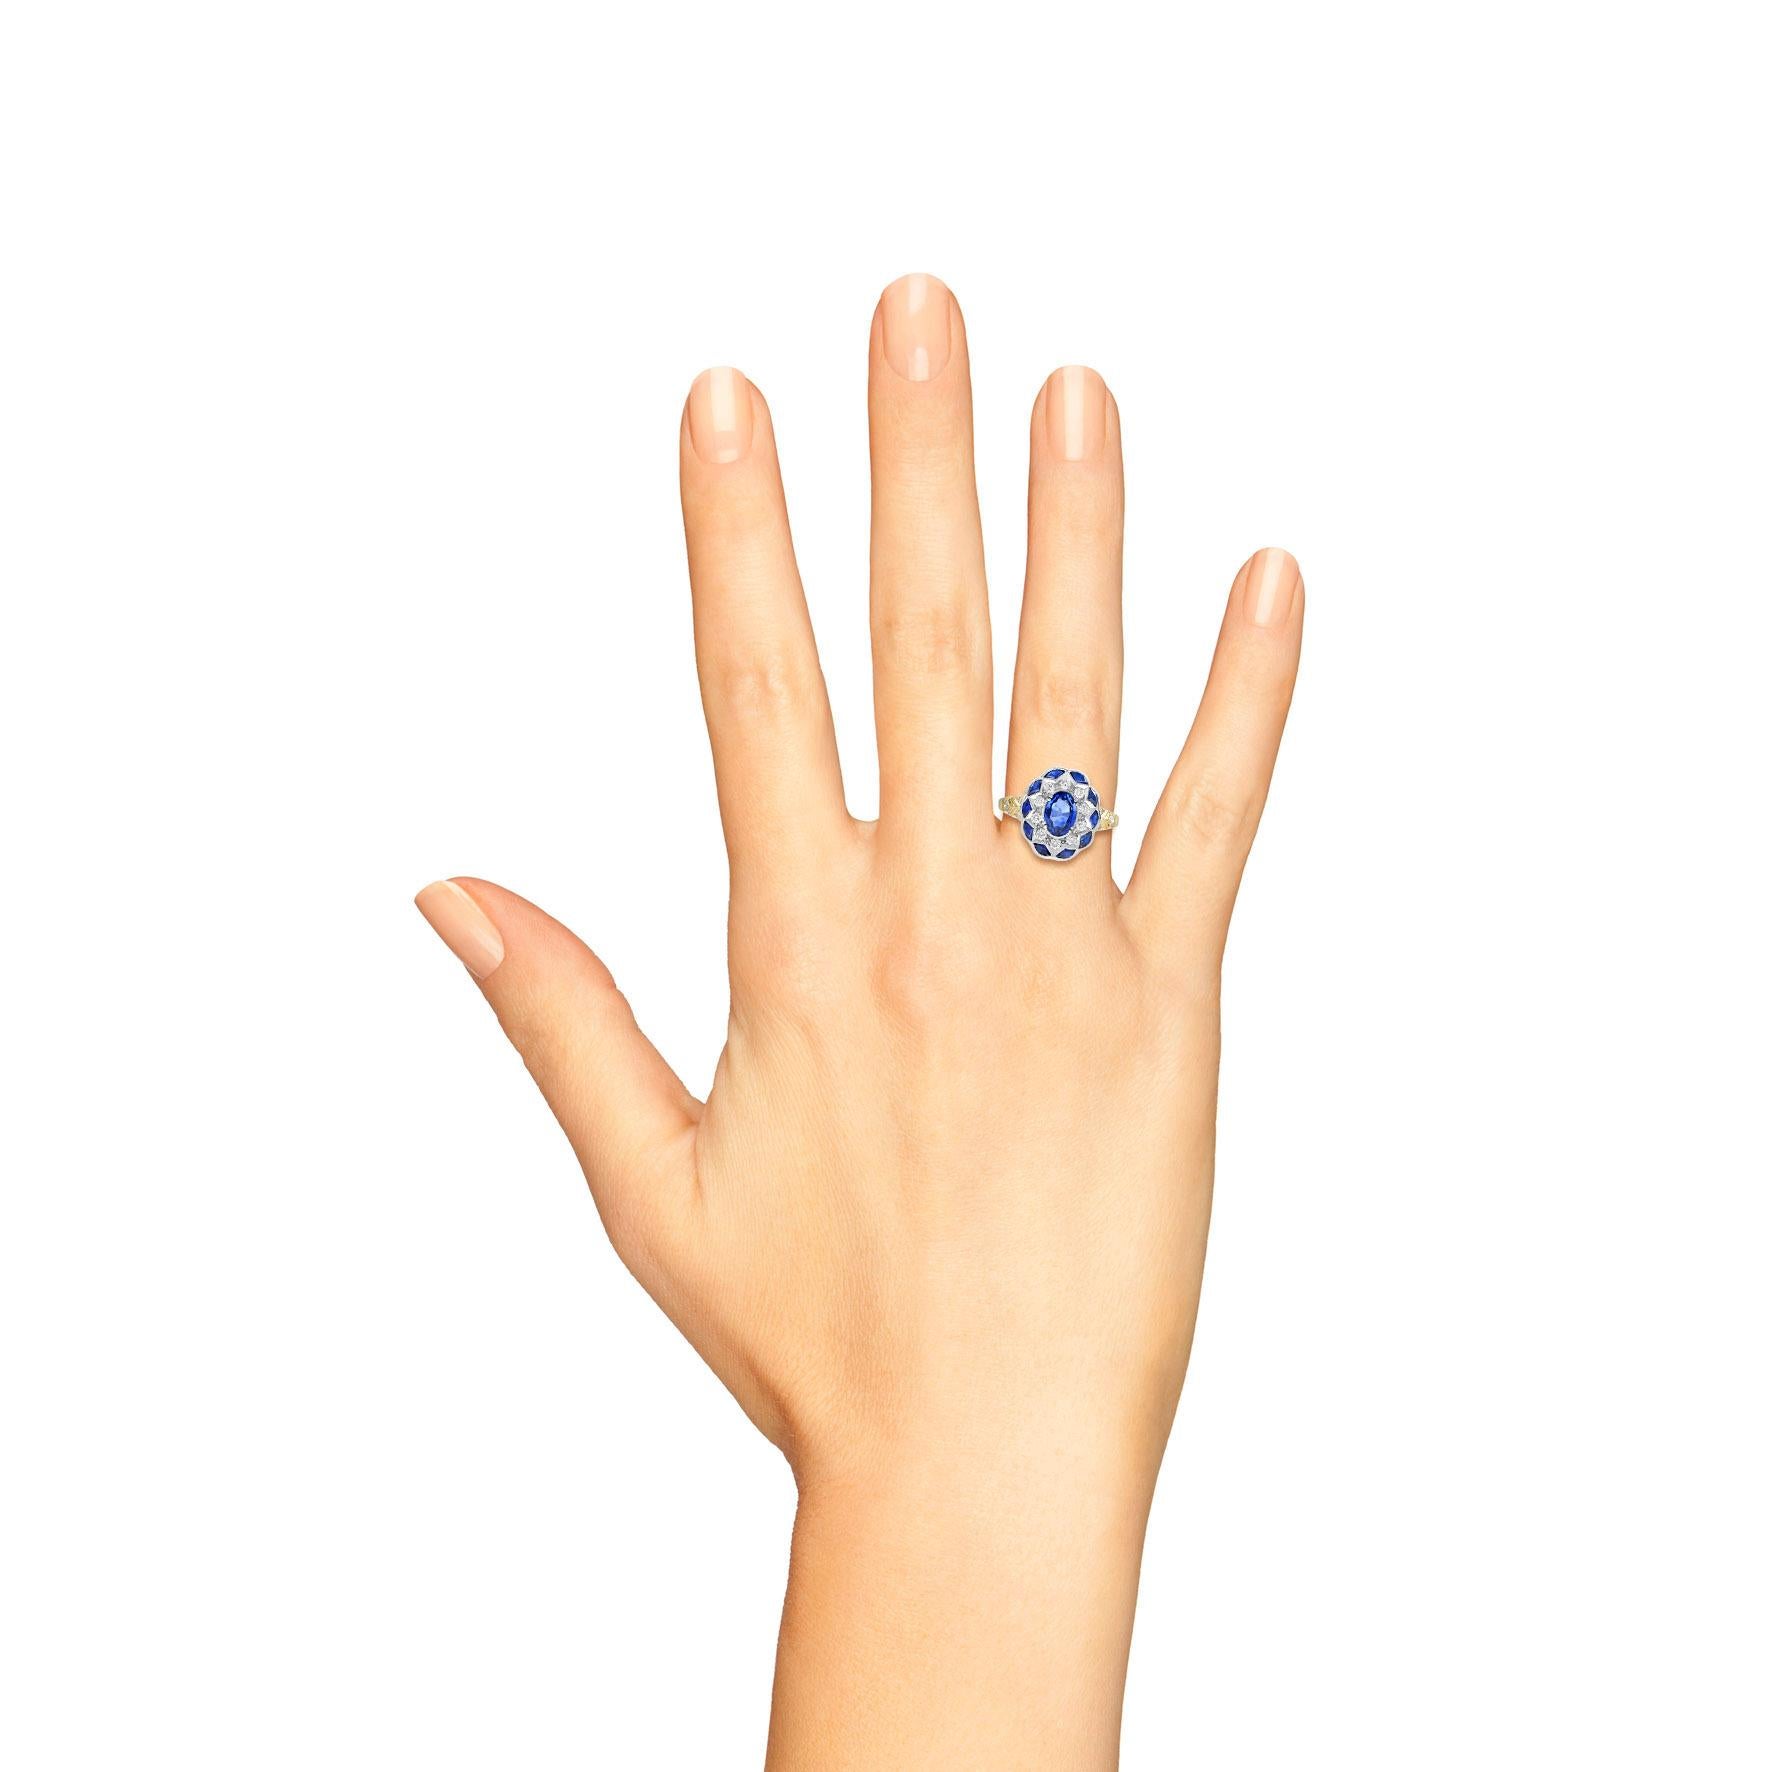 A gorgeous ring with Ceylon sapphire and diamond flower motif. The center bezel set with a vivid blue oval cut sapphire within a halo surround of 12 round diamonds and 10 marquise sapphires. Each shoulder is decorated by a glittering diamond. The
--
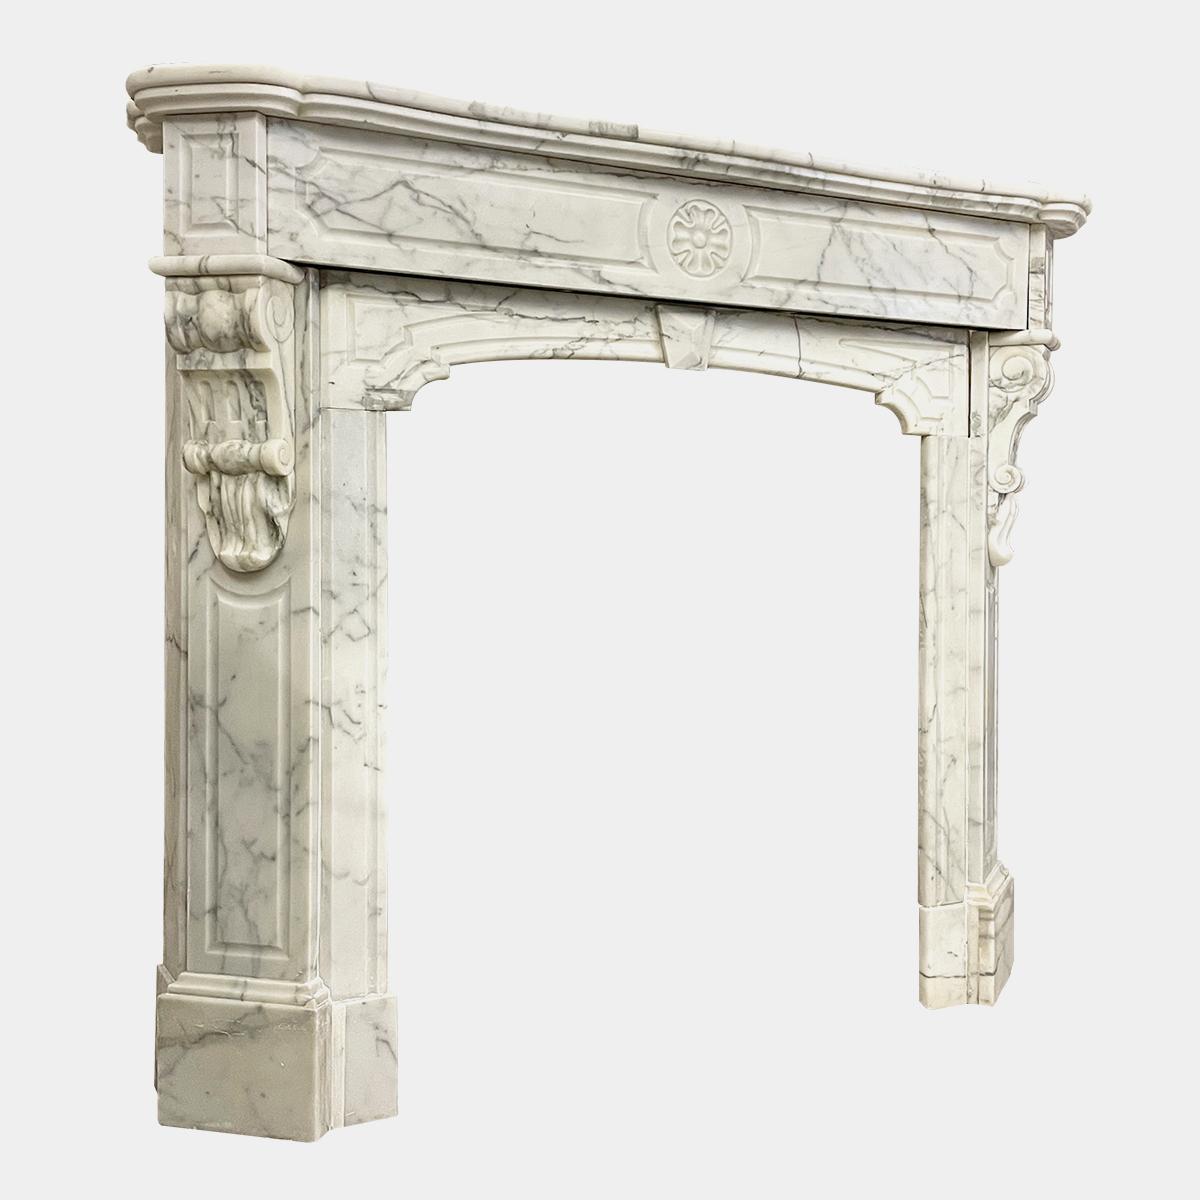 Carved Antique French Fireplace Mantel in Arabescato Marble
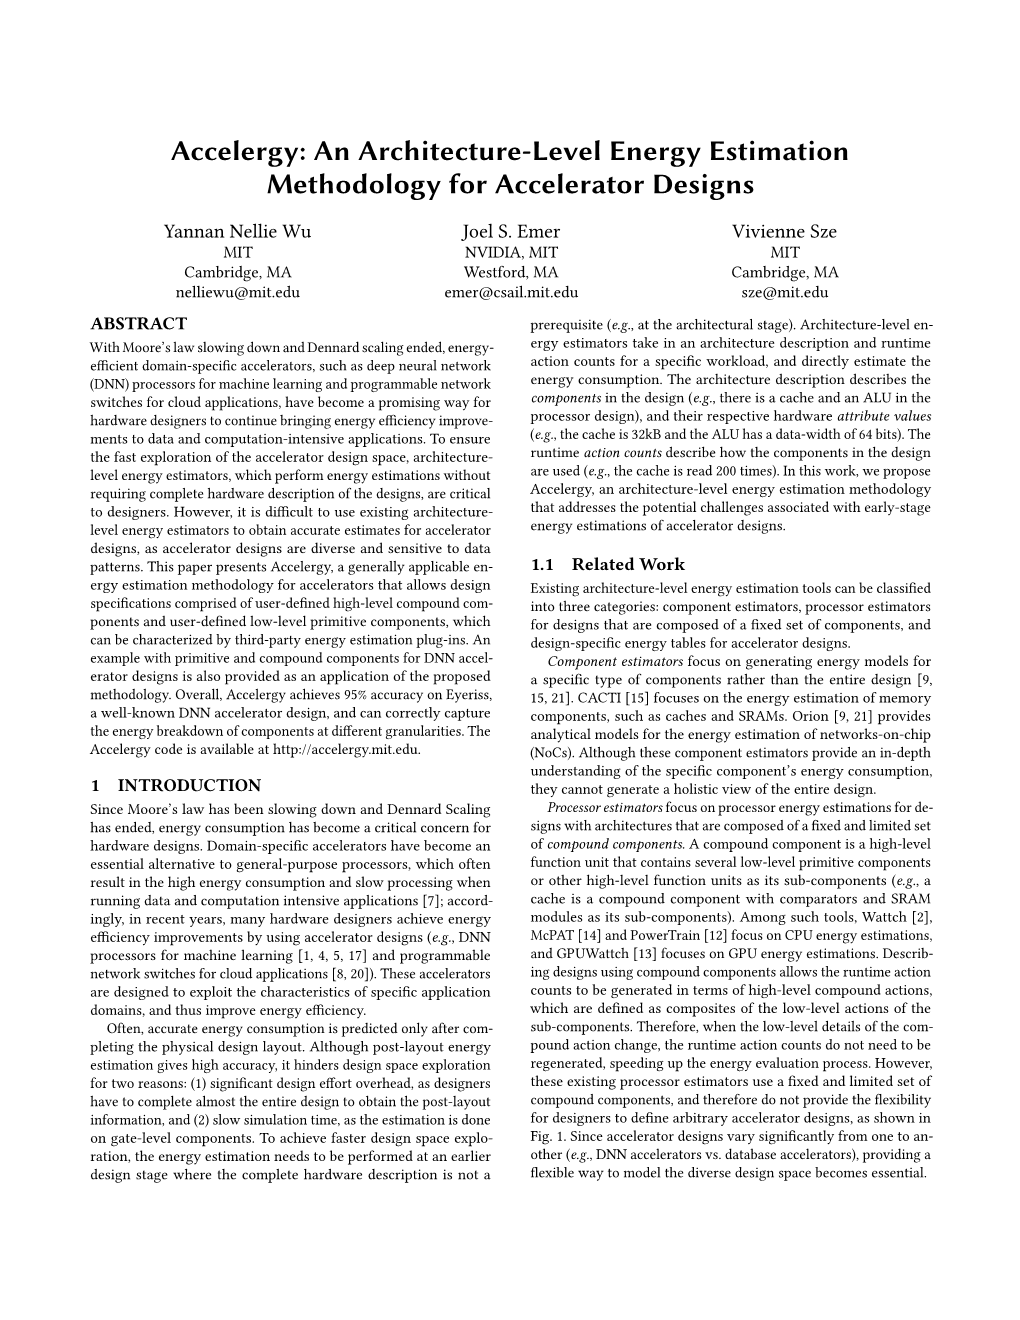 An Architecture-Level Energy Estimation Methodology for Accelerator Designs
--
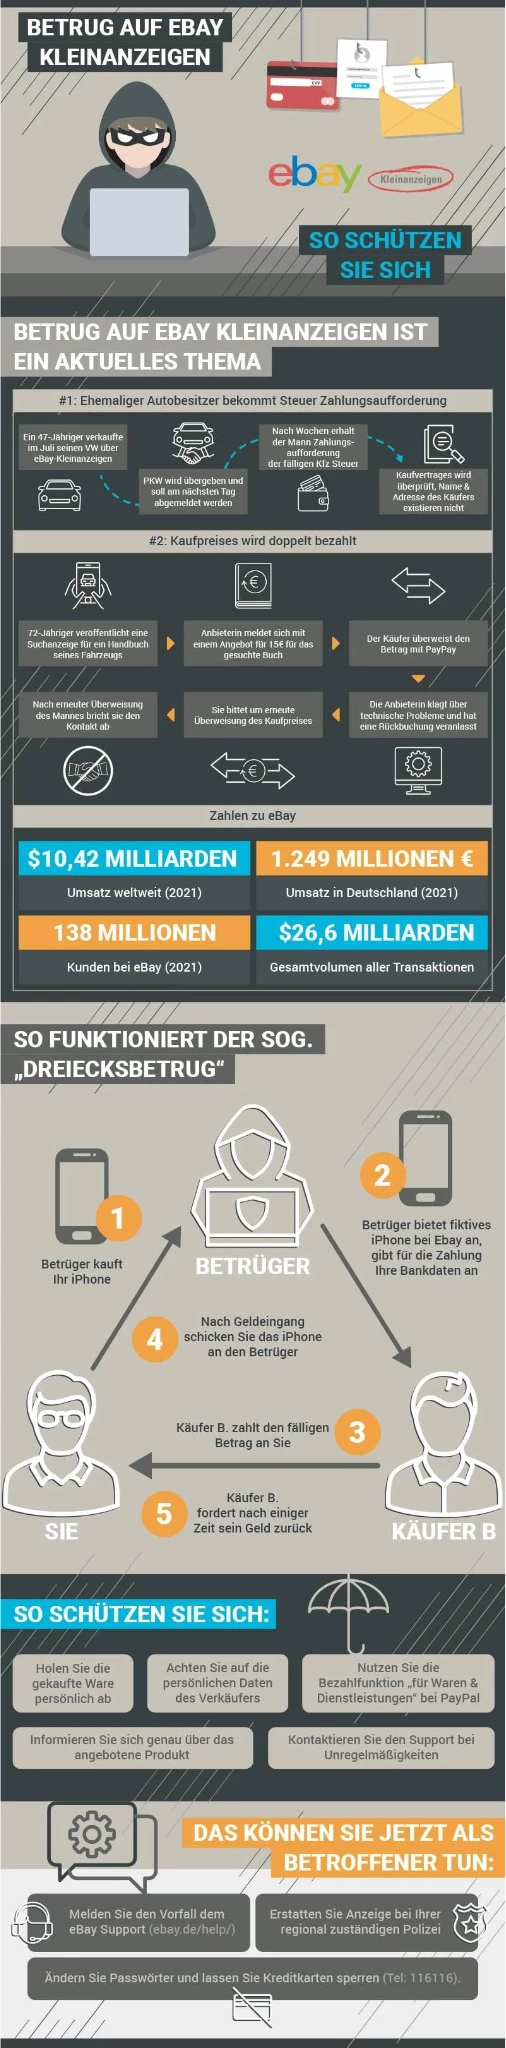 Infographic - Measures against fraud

▶ **YOUR GOAL**
The stretch above running from the line with "Carved Antique French" through the line with "An Architecture-Level Energy" is all you should copy, exactly, leaving out the pictures.

▶ **ANSWER SPACE**
 Carved Antique French Fireplace Mantel in Arabescato Marble
 An Architecture-Level Energy Estimation Methodology for Accelerator Designs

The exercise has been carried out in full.